## What you need to do
In the entries that follow, find the line containing "5.9 Diesel T-Shirt modeled in black"; from there, copy every line exactly through the line containing "Oranje Feestbril |".

## Data extracts
++++++++++++++++++++

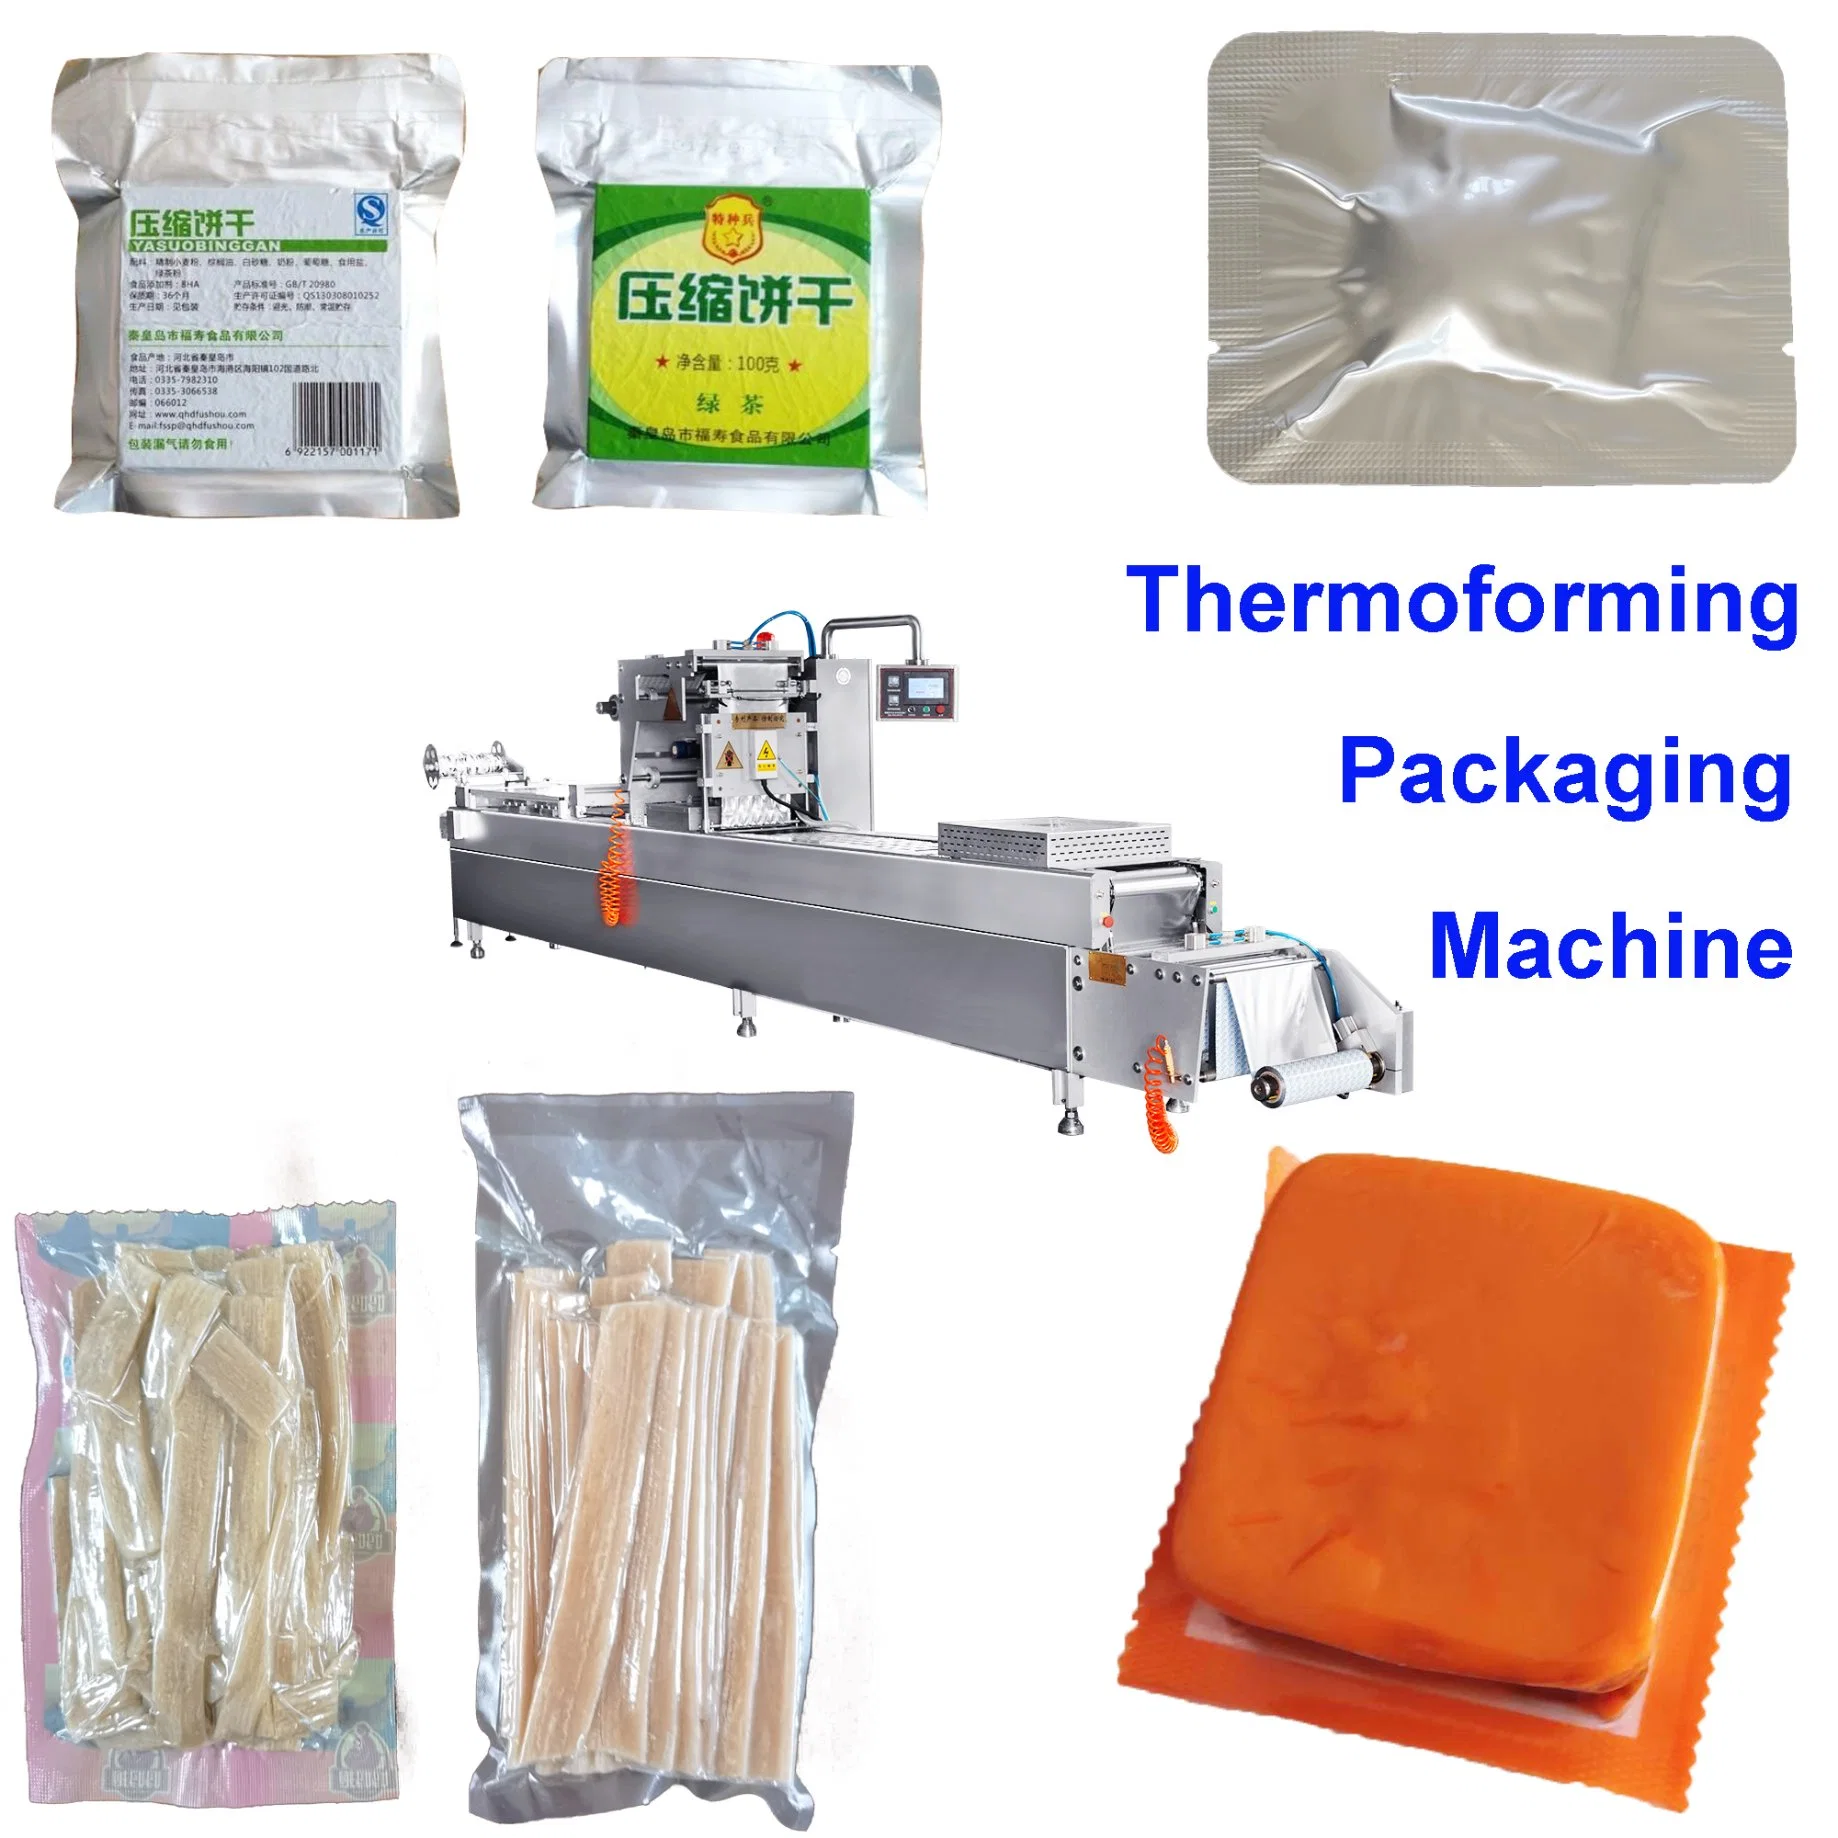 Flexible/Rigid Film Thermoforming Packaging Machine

++++++++++++++++++++

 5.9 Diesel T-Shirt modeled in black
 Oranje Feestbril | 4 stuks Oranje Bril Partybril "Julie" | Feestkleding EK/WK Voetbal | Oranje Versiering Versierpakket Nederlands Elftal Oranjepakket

++++++++++++++++++++

## Output for this exercise
 5.9 Diesel T-Shirt modeled in black
 Oranje Feestbril | 4 stuks Oranje Bril Partybril "Julie" | Feestkleding EK/WK Voetbal | Oranje Versiering Versierpakket Nederlands Elftal Oranjepakket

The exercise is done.